OpenTelemetry-native tracing for LLM calls, agent steps, and retrieval spans
One-line auto-instrumentation for LangChain, LlamaIndex, OpenAI, and DSPy
Dataset-based evaluation with LLM-as-judge and code evaluators
Embedding visualization for debugging retrieval quality in RAG systems
Prompt template versioning and comparison
Human annotation queue for labeling and feedback collection
Real-time production monitoring with span-level filtering
OTLP endpoint for ingesting traces from any OTel-compatible framework

Frequently Asked Questions

What is Arize Phoenix?

Arize Phoenix is an open-source observability and evaluation platform for LLM applications, built by Arize AI. It traces LLM calls, agent steps, and retrieval operations using OpenTelemetry as the underlying standard. Beyond tracing, it provides dataset-based evaluation with LLM-as-judge and custom evaluators, embedding visualization for RAG debugging, and prompt versioning. It's available as a self-hosted open-source deployment under Apache-2.0 or through Arize's managed cloud service.

How does Arize Phoenix differ from Langfuse?

Both are open-source and self-hostable, which makes them natural alternatives. The key differences are in architecture and depth. Phoenix is built around OpenTelemetry natively, which matters if you already run an OTel stack or need traces to integrate with existing infrastructure. Langfuse uses its own SDK with an OTel ingestion endpoint as a secondary path. Phoenix has stronger embedding visualization for RAG debugging. Langfuse has a more mature prompt management workflow and simpler self-hosted infrastructure (just Postgres). Both are strong choices for teams that need self-hosting.

Is Arize Phoenix actually free to self-host?

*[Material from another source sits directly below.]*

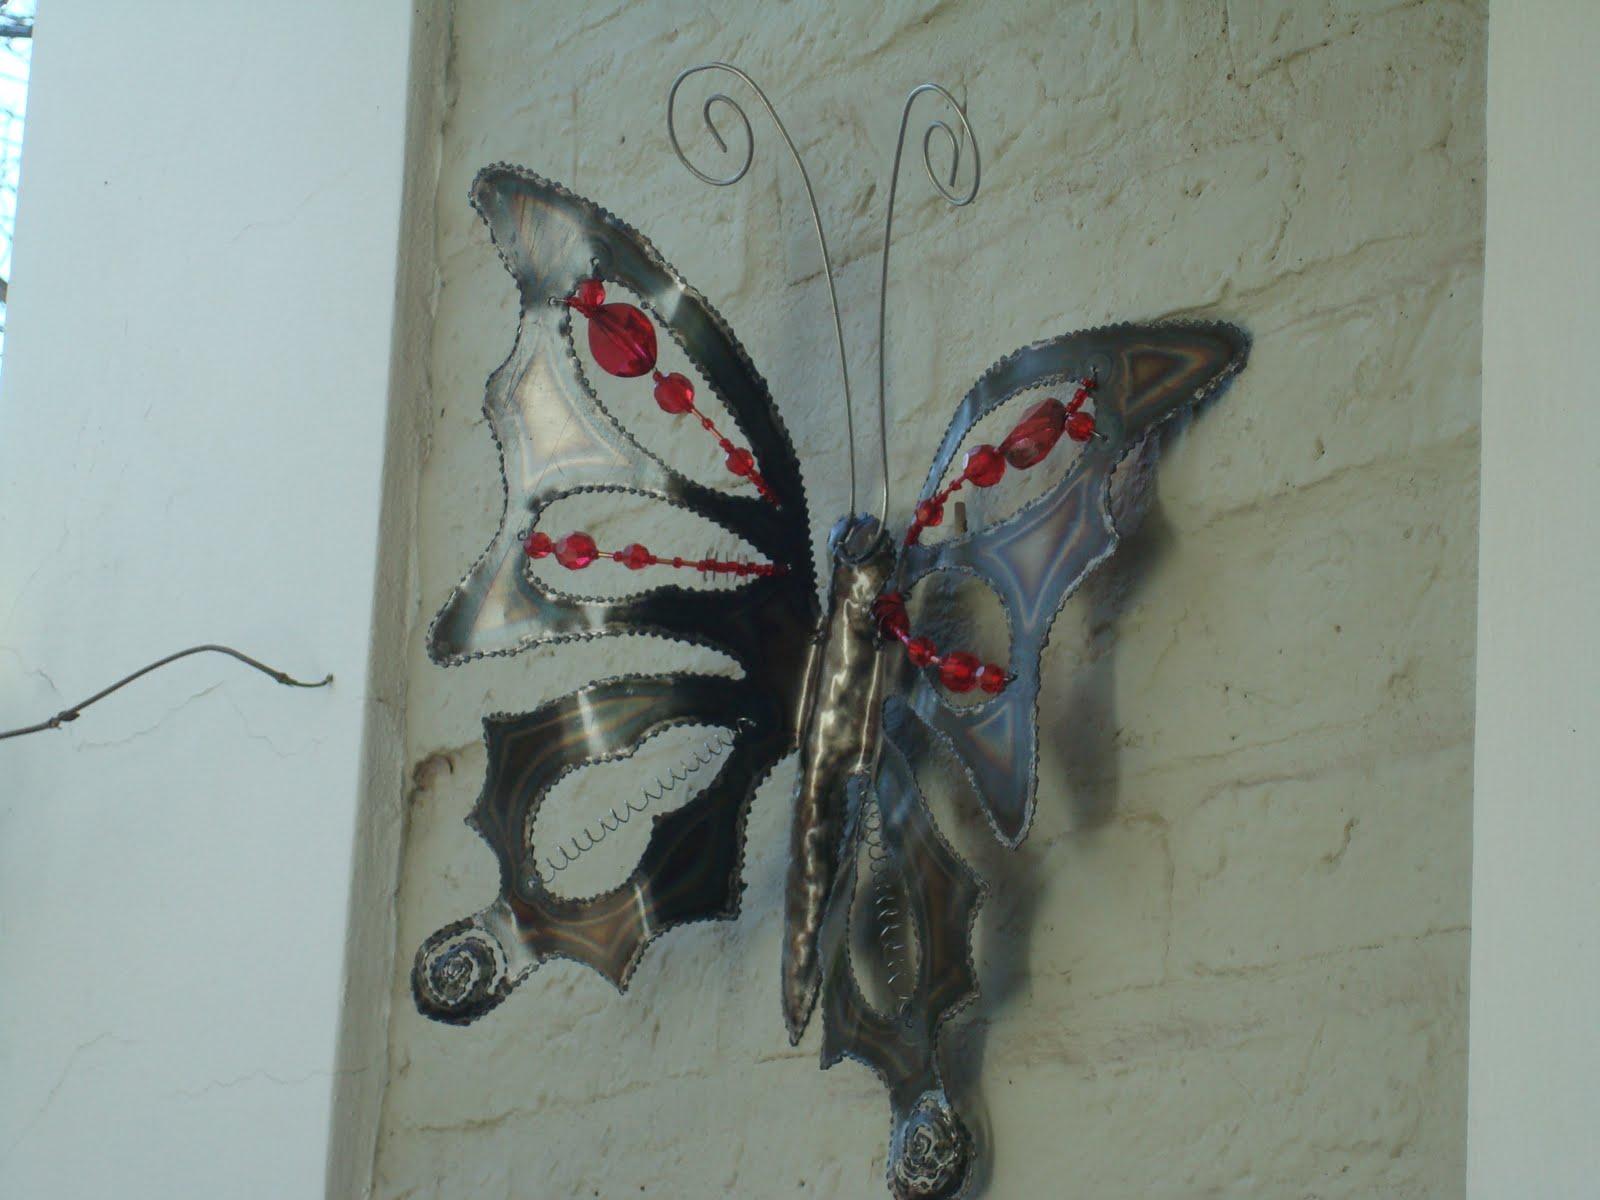 Jardin de lata mariposas y libelulas se posaron en for Jardines en lata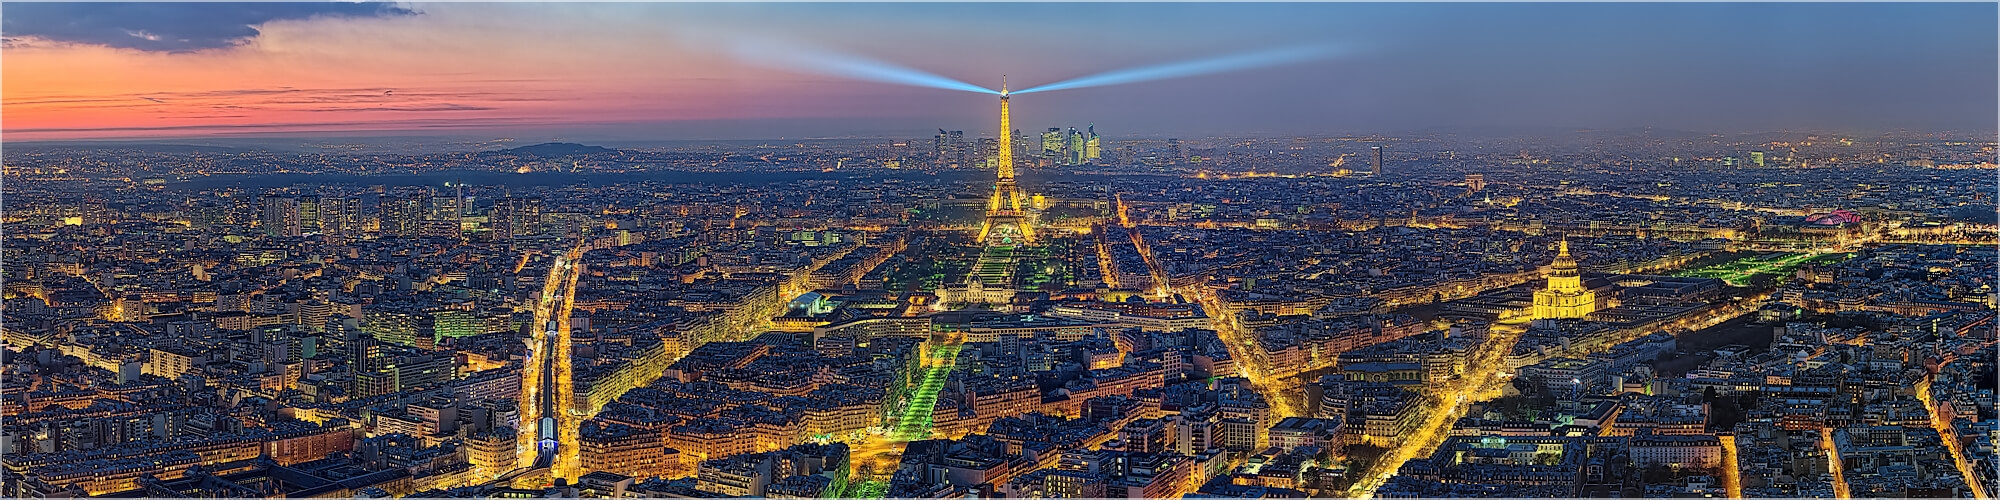 Panoramabild Skyline Paris mit Eifelturm

Yes. Phoenix is Apache-2.0 licensed and designed for self-hosting at no cost. You run the Phoenix server, connect your application using the `arize-phoenix` or `openinference` instrumentation libraries, and traces are stored locally. There are no per-event fees, no telemetry requirements, and no license restrictions on self-hosted use. The commercial Arize AI platform offers enterprise-grade production monitoring and support, but the open-source Phoenix covers most teams' observability needs.

What is OpenInference?

OpenInference is the semantic convention layer that Arize created to standardize how LLM-specific data is represented in OpenTelemetry spans. Standard OTEL spans cover general tracing attributes like timing and service names. OpenInference adds conventions for LLM-specific fields: the prompt template, token counts, model name, embedding vectors, retrieval results, and tool call details. Phoenix uses OpenInference to give LLM traces a consistent structure that the UI can parse and display meaningfully. Other tools like LlamaIndex and LangChain now emit OpenInference-formatted spans natively.

Does Arize Phoenix work with frameworks other than LangChain?

Yes. Phoenix's auto-instrumentation covers LangChain, LlamaIndex, OpenAI SDK, Anthropic SDK, DSPy, Haystack, Mistral, Cohere, and AWS Bedrock. For frameworks without dedicated instrumentation, Phoenix accepts any OTLP-formatted traces through its standard OpenTelemetry endpoint. This means any application or framework that can emit OTel spans can send traces to Phoenix without a dedicated integration, which gives Phoenix broader compatibility than tools that rely on framework-specific SDK callbacks.